Pip has some limitations, which make it not suitable for all purposes:

  1. It can only install Python packages, which is a problem when you have non-python dependencies.
  2. It does not make a distinction between stable, alpha and beta releases, which is possible on Conda and Github
  3. Uploading something to PyPI is an irreversible operation, no mistakes allowed.
  4. If you have import numpy or import Cython in setup.py, pip cannot install your package from scratch, e.g. in a new venv. There is an ugly workaround for numpy: https://stackoverflow.com/questions/19919905/how-to-bootstrap-numpy-installation-in-setup-py
  5. Wheels (pip's binary packages) for a broad class of Linux systems are difficult to make. The solution can be found here: https://github.com/pypa/manylinux

(2) Developers can easily install a development environment, making use of the conda environments. My first idea was to work with so-called environment.yml files, but these do not allow easy upgrading when the development version moves on to newer versions of dependencies. It would be better to add a script that takes the dependencies out of conda.recipe/meta.yaml and that installs/upgrades/downgrades these in the current Conda environment. On top of these, one may clone git repos for a few dependencies, in case one wants to develop against a development version of the dependency. Installing these into a conda environment (without root) is relatively easy.

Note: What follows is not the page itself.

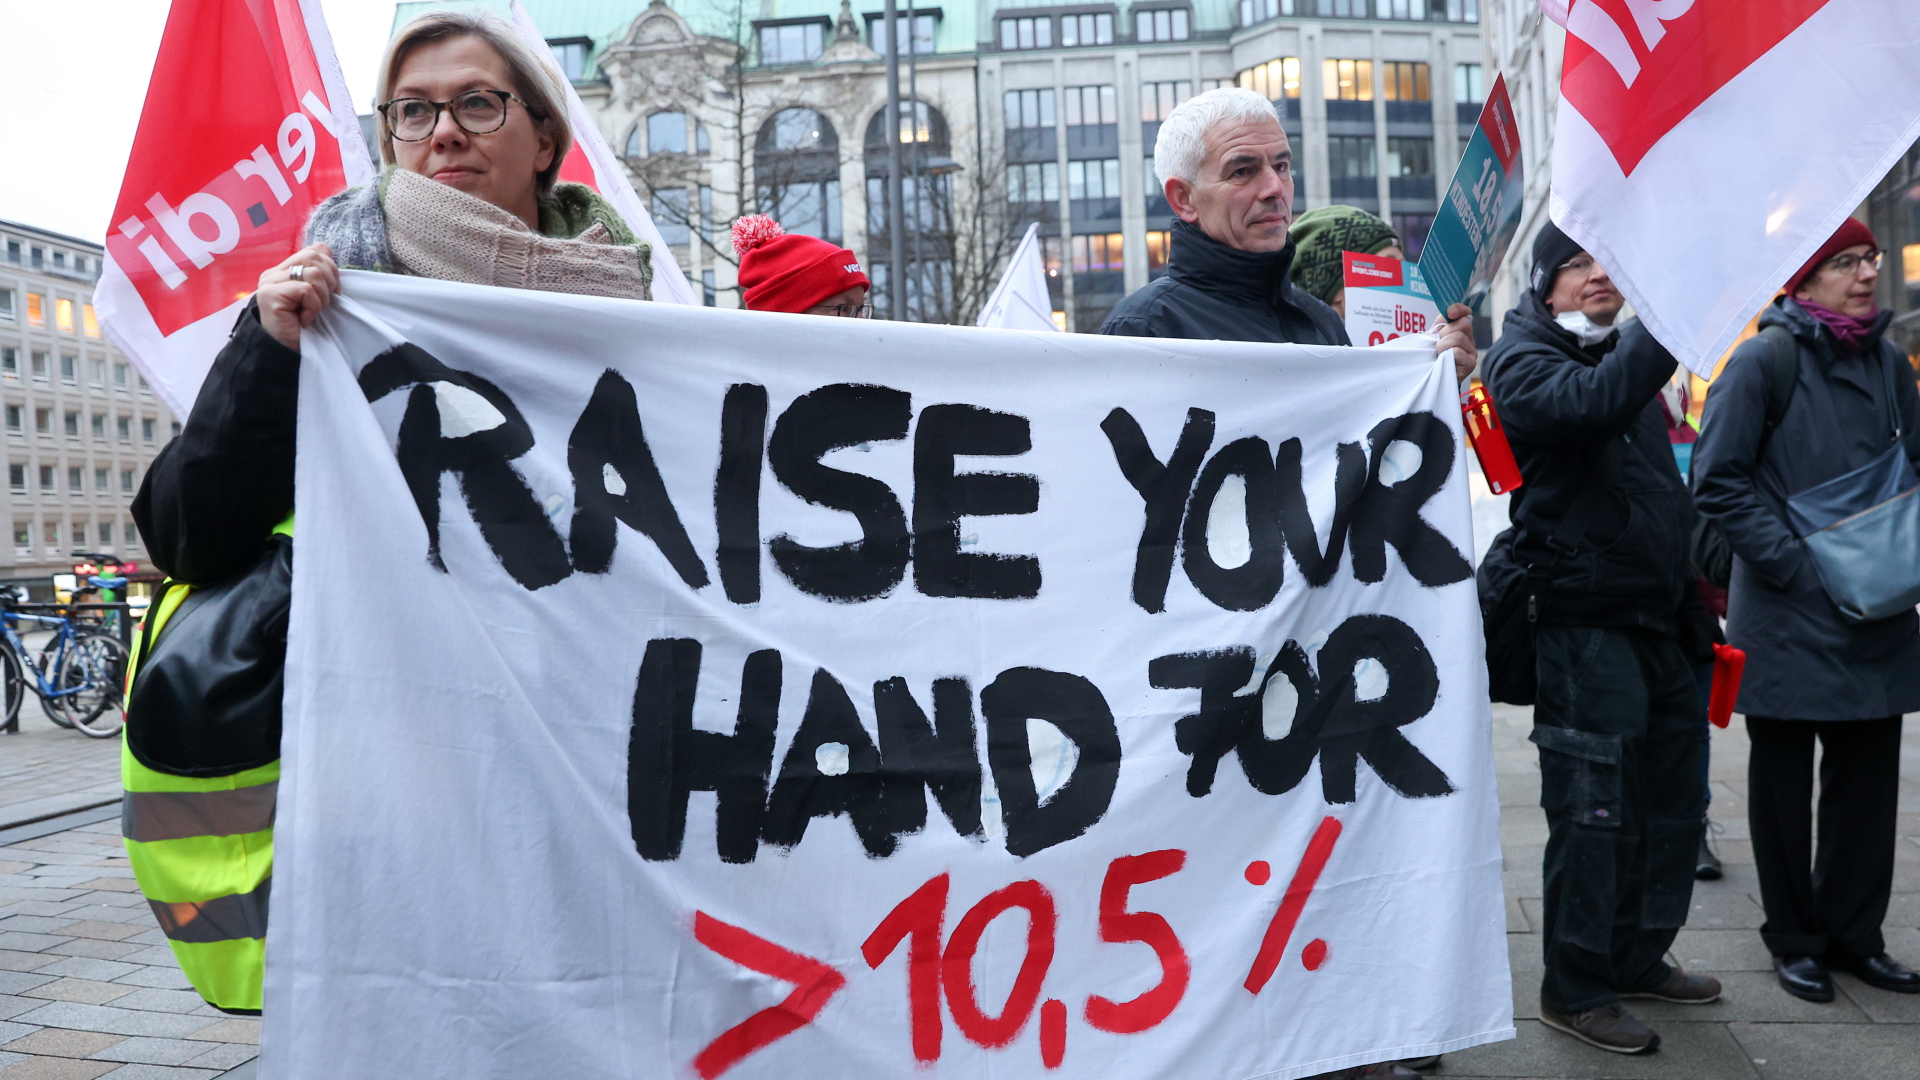 Beschäftigte im öffentlichen Dienst demonstrieren in Hamburg und halten ein Transparent mit der Aufschrift "Raise your Hand for > 10,5 %". | dpa

tovrstra commented 7 years ago

These are the steps to implement all of the rapid deployment goodies in a Python project:

tovrstra commented 7 years ago

With the above changes to your project, making a new release takes the following steps:

  1. Update the release history. Build documentation locally and make sure it looks good.

  2. Commit the final changes to master and push to github (or make a PR).

  3. Wait for the CI tests to pass. Check if the README looks OK on Github, etc. If needed, fix things and repeat step 2.

  4. Make a git version tag: git tag <some_new_version> Follow the semantic versioning guidelines: http://semver.org. Always increase the version. Do not prefix the tag with a v: use 1.0.0 instead of v1.0.0. Add an a<counter> suffix to the version for alpha releases (features and API still changing). Add an b<counter> suffix to the version for beta releases (features and API stable, bug fixes only). Some examples in chronological order:

    1.0.0a1 1.0.0a2 1.0.0a3 1.0.0b1 1.0.0b2 1.0.0 1.0.1a1 1.0.1 1.1.0 1.1.1 2.0.0a1 2.0.0a2

  5. Push the tag to github: git push origin master --tags and wait for all the magic to happen.

loriab commented 6 years ago

Hi @matt-chan, there was some talk at PyQC this year that we should shut down the PyQC channel on anaconda.org (https://anaconda.org/pyqc/repo). In particular, PySCF has its own channel, but the pyqc pyscf channel version was showing up in google instead (who googles anaconda.org?). How does that interact with your Horton distribution scheme? Paul Ayers suggested to consult you. No rush, just saw the reminder tab I've kept open.

matt-chan commented 6 years ago

Hi @loriab, yep, we've moved almost everything over to the "theochem" channel. We used to get libint and libxc from PyQC, but we simplified things for our users so they could do a 1-step install. I'm not sure if we should keep it or not, since technically we should have a common deps. Maybe push for inclusion of common dependencies to conda-forge?

And it turns out I'm guilty of googling for those anaconda packages =S, although I've never searched Psi4.